More importantly, after years of struggle, I can now say: I like who I’ve become.
I’m free, raw, and sustained by my relationship with Jesus (not dependent on how everyone else is doing). I actually want to be vulnerable and process my honest feelings, needs, and desires. I’m learning to stop trying to be who I think everyone else expects of me. All my relationships are more connected and intentional than they’ve ever been.
I am making space for lots of one-on-one conversations to check up with each person and ask how they are really doing. I feel safe enough to share how I am really doing.
When my child is upset because it’s bedtime, I might have said before, “Quit whining. It’s bedtime. Get upstairs now!” Now I am working on responding more like, “You’re sad you don’t get to play anymore? OK, thanks for telling me you’re sad. That makes sense. I am feeling tired and frustrated too, and don’t want to argue. But I would love to read to you before bed. Let’s take three deep breaths and see who can get upstairs first!”
When I lose my cool, it’s not, “Be quiet! If you all would just stop talking to me!” (Well, sometimes it’s still that.) But maybe I take a deep breath and say, “I feel really anxious and overwhelmed when more than one person is asking me for something. I will take care of everyone but please, everyone count to ten, and then one person talks at a time.” OR I might say, “I am feeling very tense because I haven’t taken enough breaks today. I’m going to let you all have your screen time now so I can take a shower and rest.”
It’s OK
Maybe as you’re reading this, God is reminding you that Jesus really is OK with you admitting you’re a hot mess and is not afraid of your big feelings or scary thoughts.
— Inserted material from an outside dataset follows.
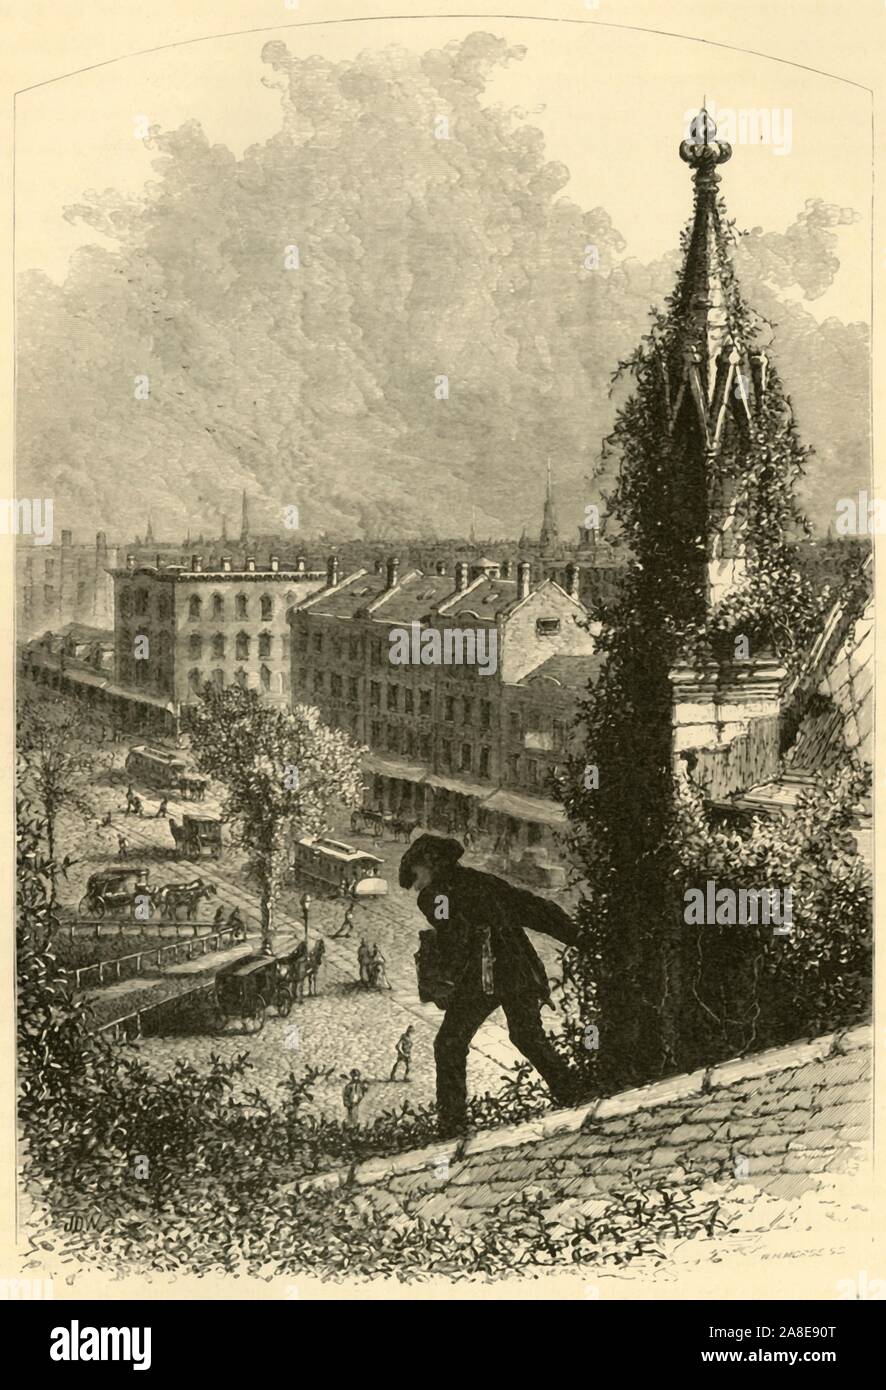 'Main Street, Buffalo, from St. Paul's Church', 1872. An artist on the roof of a church in Buffalo, New York State, USA. From &quot;Picturesque America; or, The Land We Live In, A Delineation by Pen and Pencil of the Mountains, Rivers, Lakes...with Illustrations on Steel and Wood by Eminent American Artists&quot; Vol. I, edited by William Cullen Bryant. [D. Appleton and Company, New York, 1872] Stock Photo
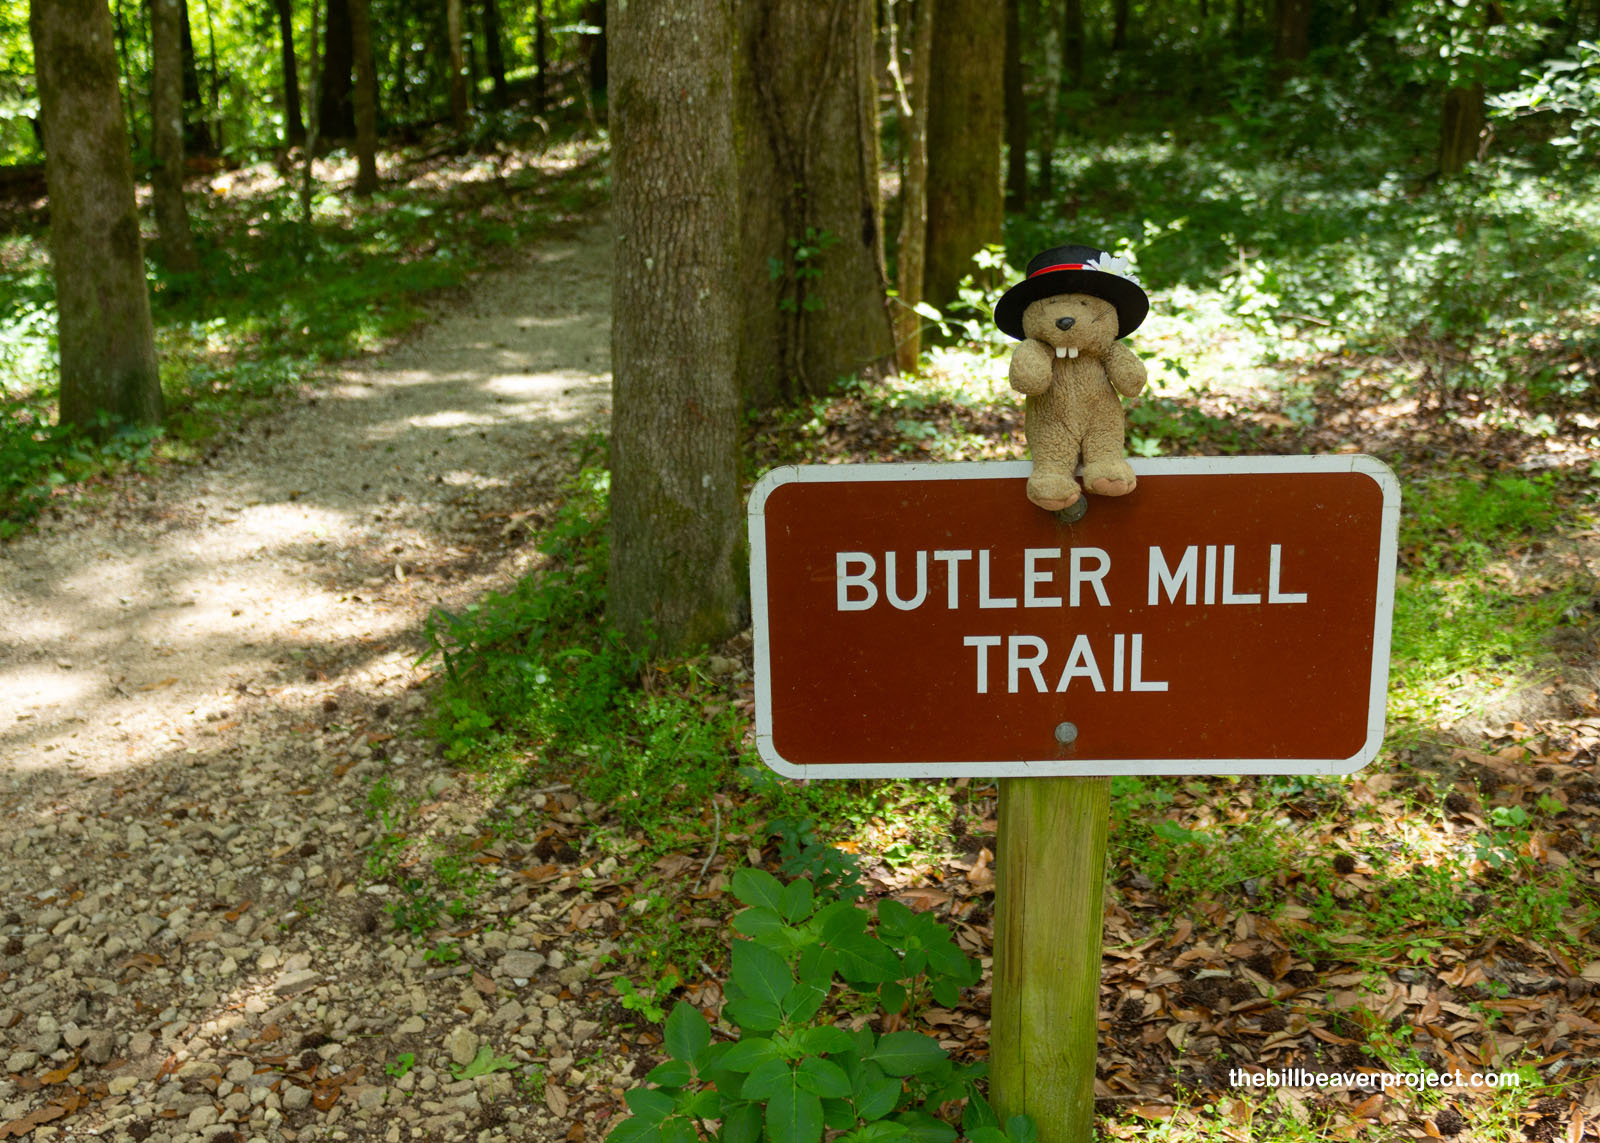 The Butler Mill Trail leads off into the forest!

Jesus is an excellent listener, ready to help you get free, and walk with you on a better path.
I hope you also see that it’s OK to love Jesus and still need lots of help.
It’s hard but healthy to talk about your emotions, your pain, and your past so they can all be put in their proper place, so they don’t destroy you and those around you. Please reach out to friends and professionals.
When you get really REAL—you have the opportunity to heal and live out the purposes God has for you. Bonus and warning: when you are willing to be vulnerable, it’s contagious to those around you!
I cannot thank Jesus and my kids enough for making me way more vulnerable, courageous, and committed than I ever could have imagined. With God’s guidance, I have learned how to go to battle for myself and my family. Share how you feel. Vulnerability brings breakthrough, connects you, and makes it OK for everyone to have imperfections while actually making it safe to grow.
We are pressed on every side by troubles, but we are not crushed. We are perplexed but not driven to despair. We are hunted down but never abandoned by God. We get knocked down, but we are not destroyed. – 2 Corinthians 4:8-9 NLT
Process, journal or discuss the themes of this article - here's a few questions to get the ball rolling...
Why Can’t I Be Nice To The People I Live With?
What strikes you most about this article? Why that?
How would you describe your parenting right now? Name at least three descriptions and share why.
Which parts of Kerry’s story brought the most freedom or hope to you?
What’s one tangible idea she listed that you can try out this week? Forward this article to a friend, tell them your plan, and ask them to help hold you to it.